◆ Exercise instructions: Your task is to transcribe exactly, and only, the lines running from the one with "Varsity Jacket : Urban" to the end of the listing below, inclusive, with every picture left out.

◆ Raw data:
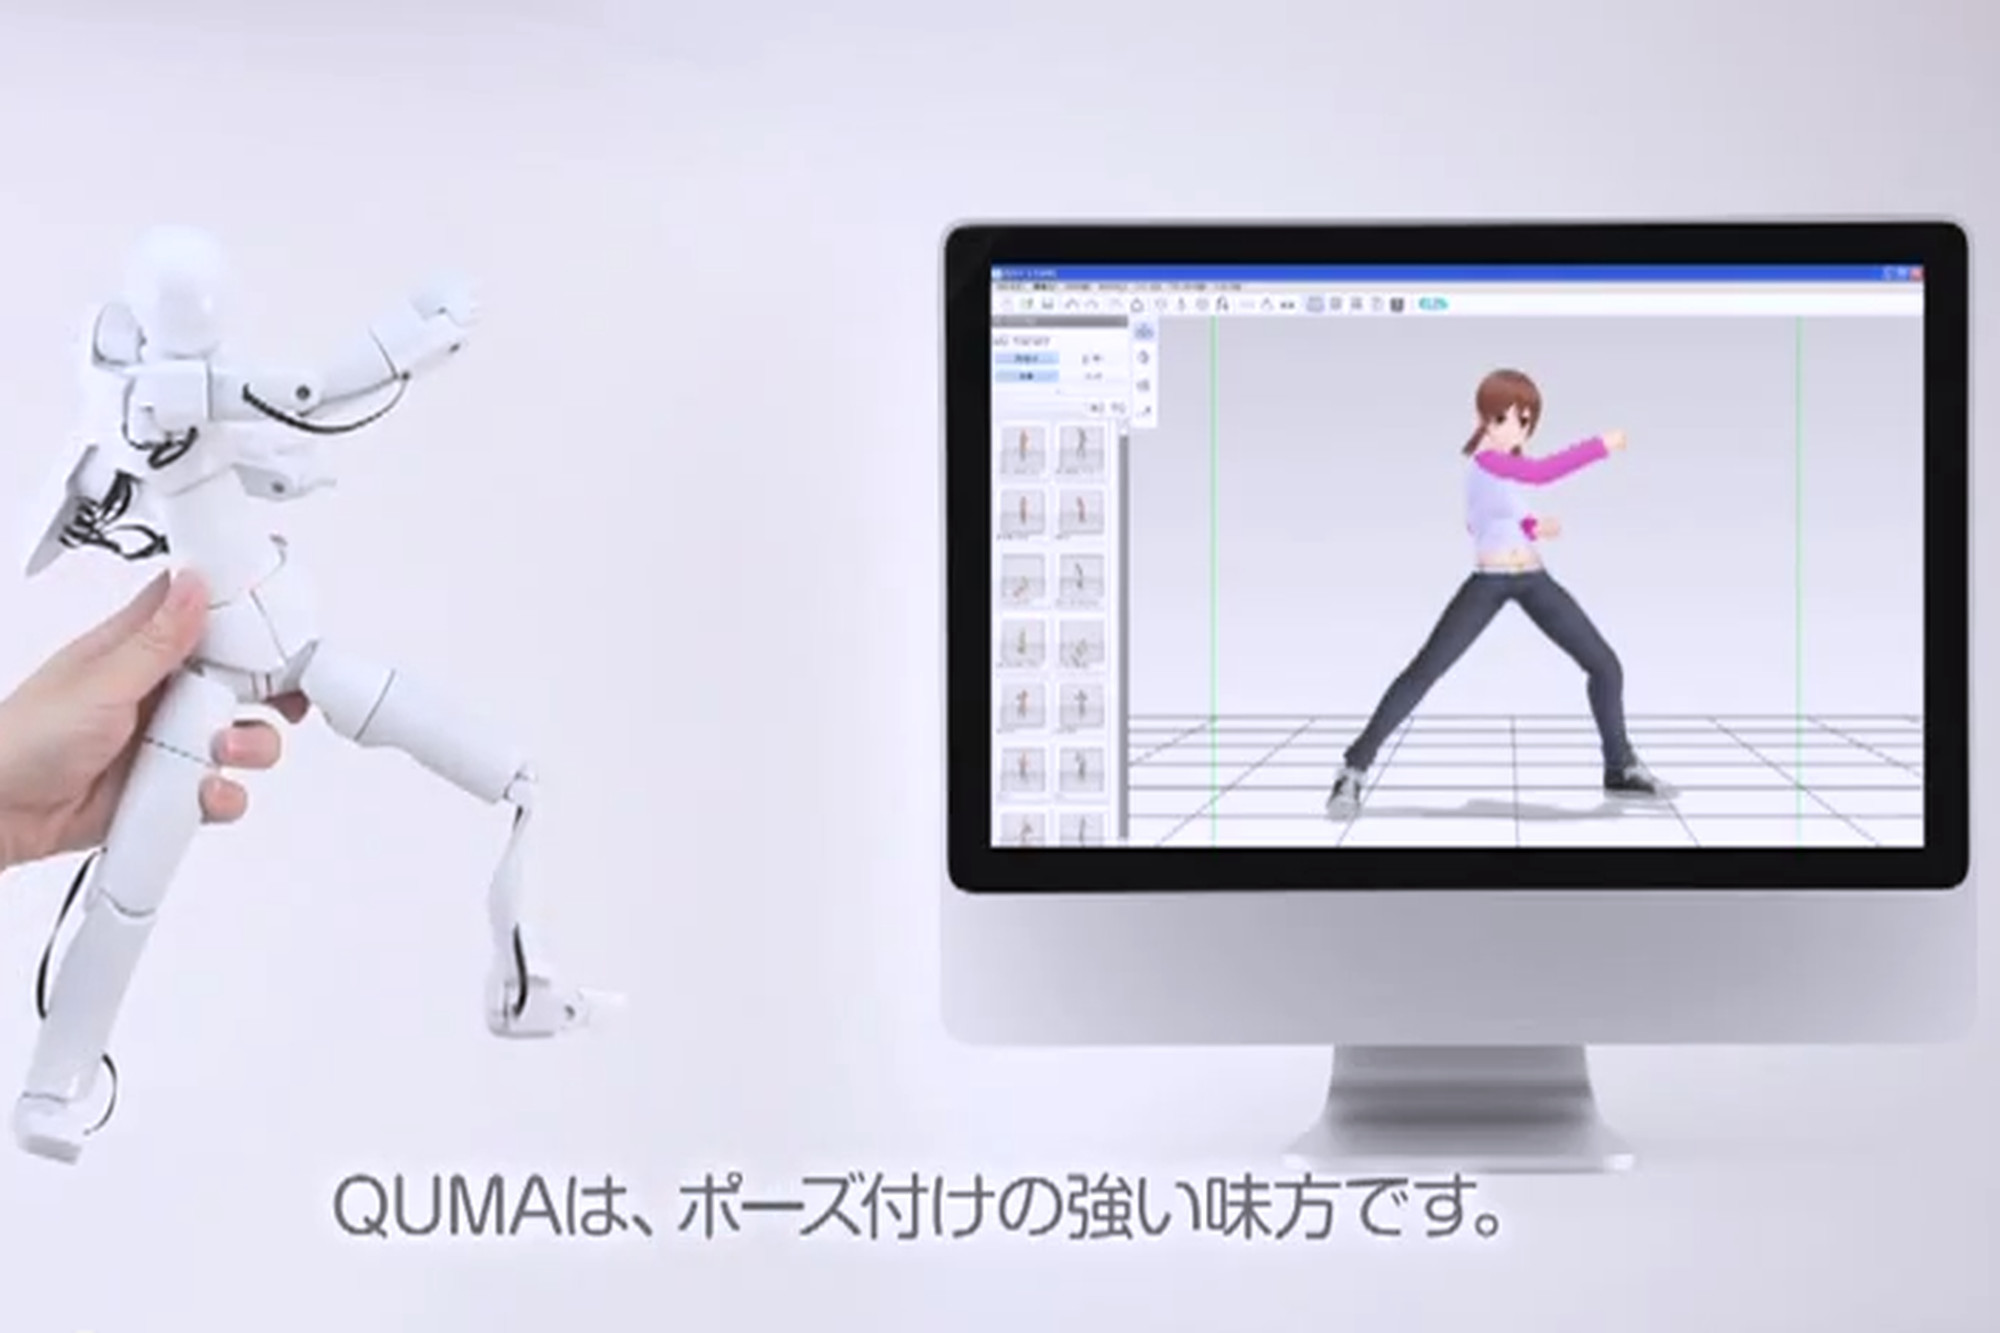 Qumarion moves 3D models based on your mannequin
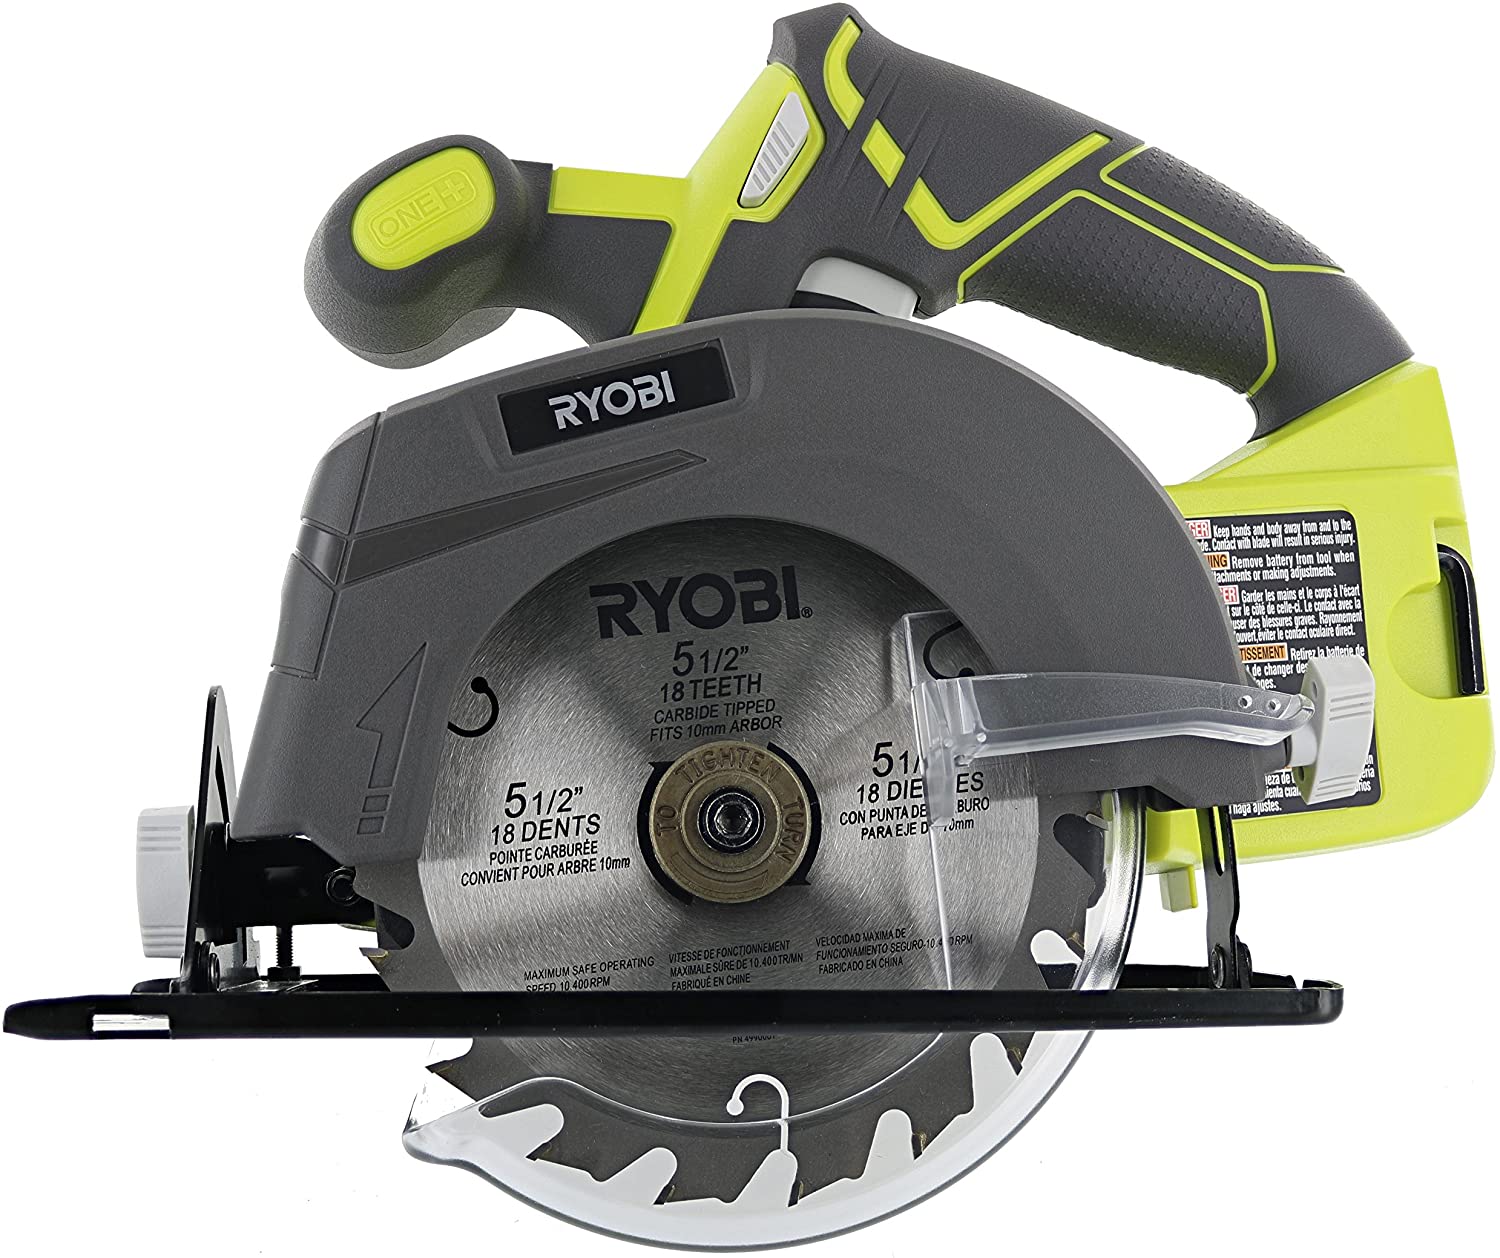 RYOBI One P505 Battery Powered Circular Saw, 5.5-Inch
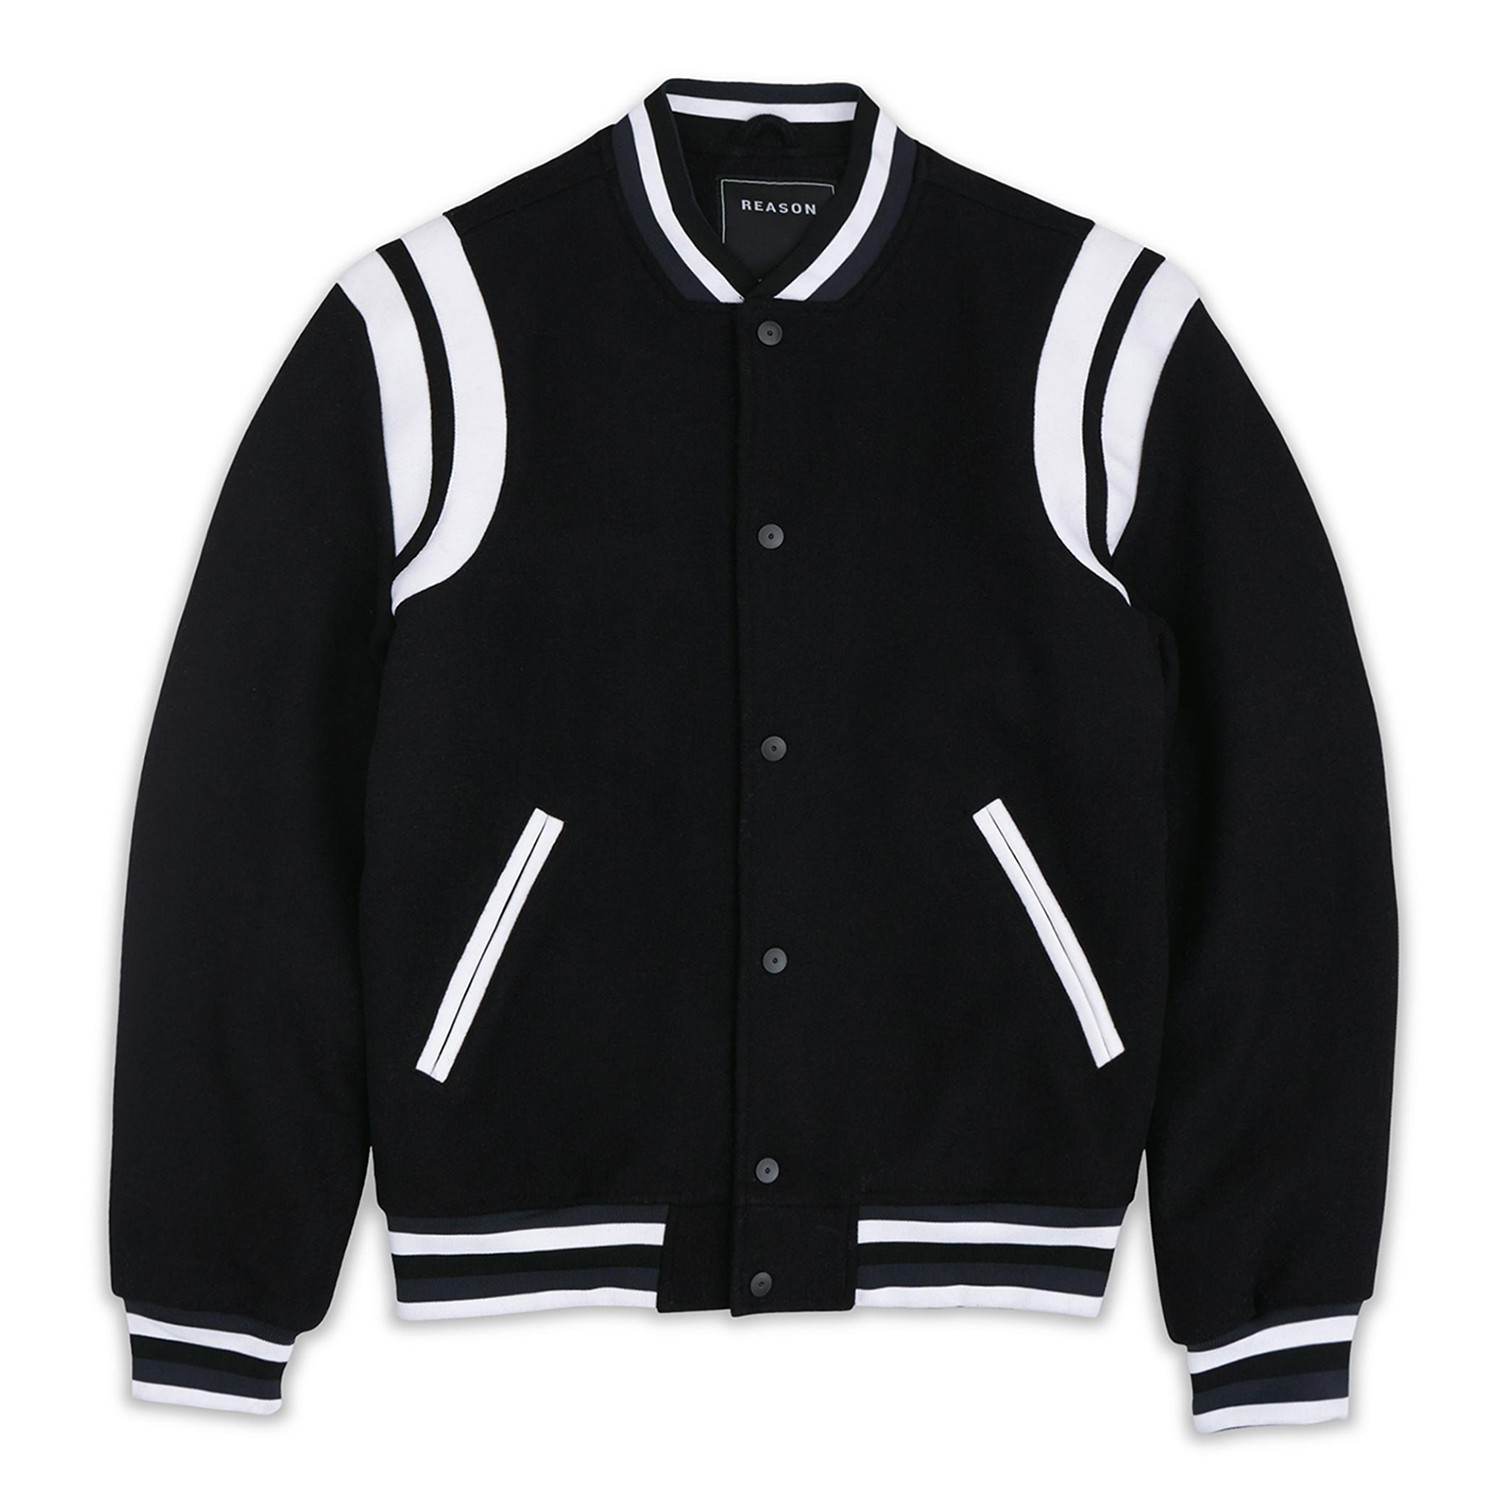 Varsity Jacket : Urban Outfitters Vintage Grey Varsity Jacket in Gray
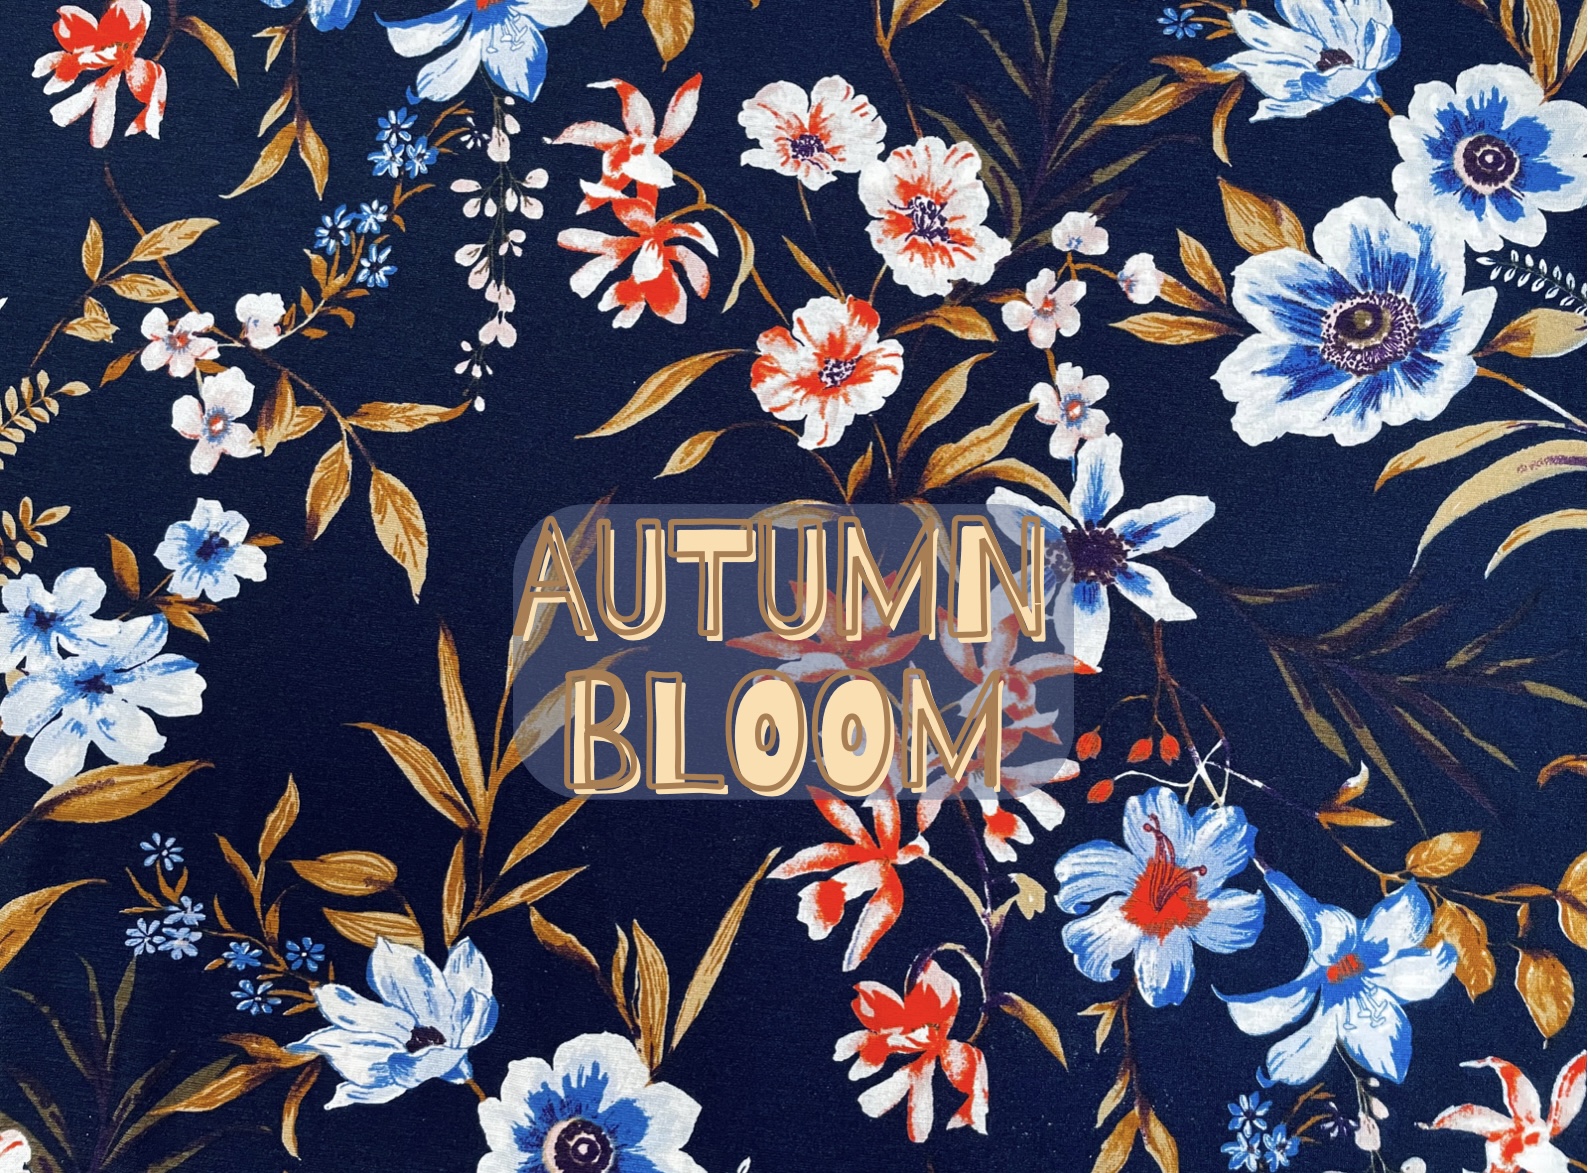 Jilly’s fashion autumn bloom

◆ Reply to the task:
 Varsity Jacket : Urban Outfitters Vintage Grey Varsity Jacket in Gray
 Jilly’s fashion autumn bloom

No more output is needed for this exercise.